Тёмное солнце (Евдокимова) - страница 37

— У него ещё может быть шанс, — загадочно ответил варварский вождь, помешивая своей ложкой в котелке. По традиции, он завершал приготовление пищи на привале, и в этот раз тоже. В кашу полетел небольшой сморщенный плод, скрывшийся в глубине горячего варева, и придавший ему дивный аромат и острый вкус. — И что-то мне подсказывает, что мы не совершили полный переход, а до Соленморья добираться ещё долго. Но пусть об этом скажет Владетельница. Когда придёт в себя.

— Я соберу братьев, — поднялся Старший.

— Сиди, брат, — приказал Ветрис. — Ешь кулеш, наслаждайся вкусом воды и ветра. Потом будет некогда. Начнут раскрываться мрачные тайны, мы встретим всех тех, кого так не хотели встречать и узнаем то, что не должны знать, а после…

— Ты это видишь? — недоверчиво спросил Старший, пощипывая ус. — Повелитель…

— Нет, брат, — улыбка Ветриса стала жёсткой. Он зачерпнул из котелка. — Я просто знаю, как оно бывает.

Диалог в нигде

— Здравствуй, Крес.

— Не могу сказать тебе того же, ты давно уже не здравствуешь, — слова в темноте звучали так же сильно, как и на ярком свету, но здесь не было места ни тому, ни другому. Этого места тоже не существовало. Но слова втекали в зазоры между секундами, просачиваясь сквозь пространство. — Зачем я тебе понадобился?

— Я давно предлагаю тебе объединить усилия…

— Да, признаю. И совсем недавно ты прислал еще послов. Но мой ответ останется прежним.

— Ты отвечаешь «нет»?

— Я ничего не отвечаю. Не имею такой привычки.

— Мы знаем друг друга так давно…

— Мы? Я бы сказал «побойся бога», но к тебе это имеет такое же отношение, как и ко мне.

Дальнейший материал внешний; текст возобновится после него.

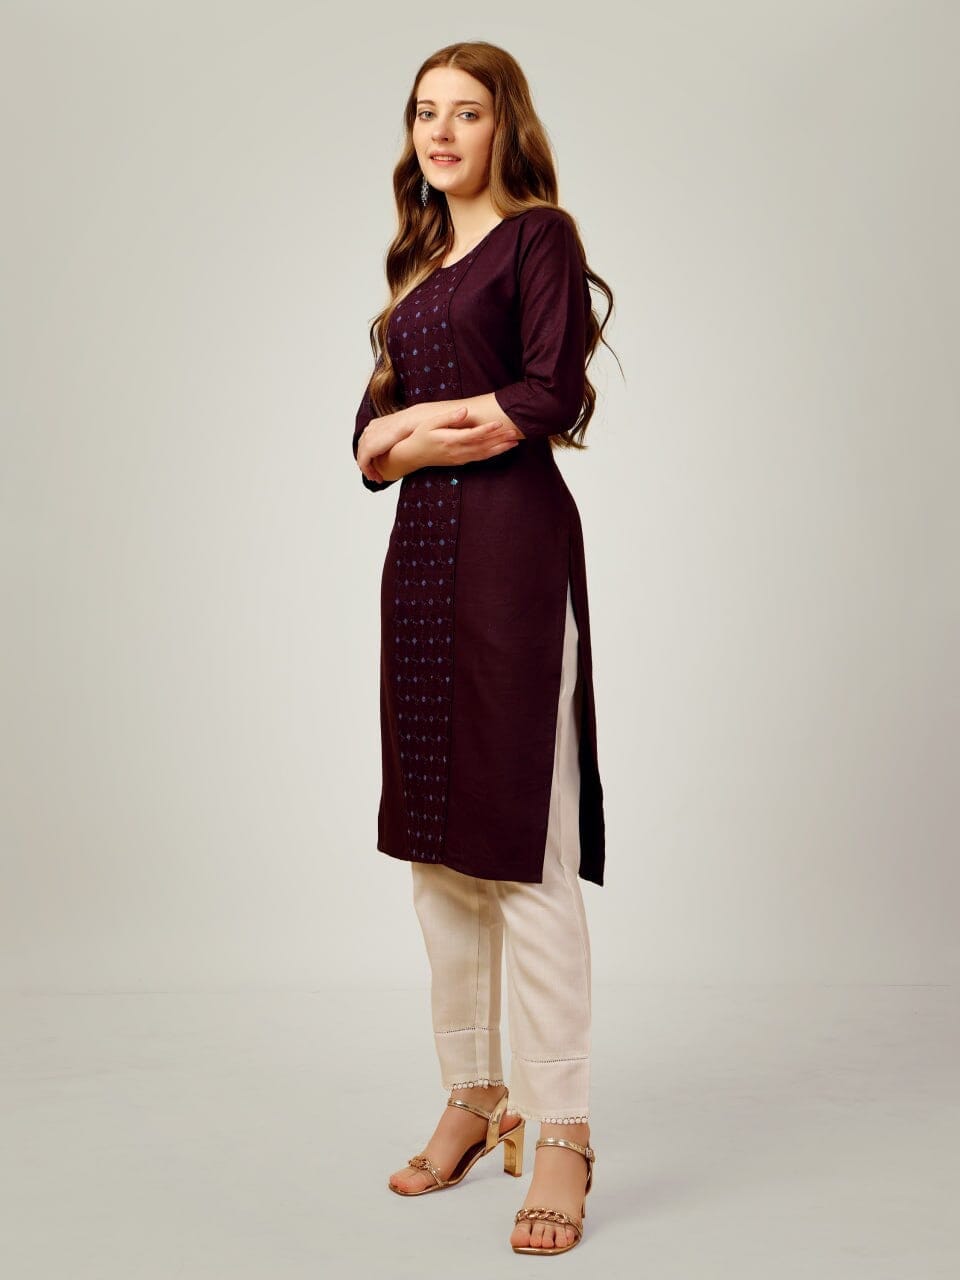 Black Cotton Blend Sequence Embroidered Work Kurti with Pant Kurti with Pant Shopin Di Apparels

Никакого. Так что остановимся на нейтральном. Иди в задницу… А, прости, я забыл, что ты лишён сомнительного удовольствия обладания плотью.

— Зачем ты так? — перезвон серебряных колокольцев приобрёл надтреснутость, словно невидимые бубенцы облепило грязью. — Я не оскорблял тебя.

— Потому что не можешь, несмотря на сходство со своим прототипом. Лишён такой функции, — более богатый интонациями голос не содержал удовлетворения, всего лишь сожаление. Или жалость? — Ты неполноценен, и я догадываюсь, почему.

— Я всего лишь хочу договориться… Пока мой аватар только собирается начать свой путь.

— Нам не о чем договариваться.

Дрожание невидимой струны прервалось, басовито разорвав тишину. Какое-то время, короткое, за которое сердце не успело бы и дрогнуть, в тёмном нигде ничего не происходило. Потом в пустоте чернильной ночи зажегся тёплый оранжевый огонёк, оседлавший свечу. На пространство стола, уходившего, как казалось, в бесконечность, лег лист бумаги, исчерченный тонкими уверенными росчерками и линиями, складывавшимися в план какого-то здания. Разобрать что-либо было сложно — все этажи были нарисованы одновременно, для непривычного взгляда превращаясь в мешанину символов и штрихов.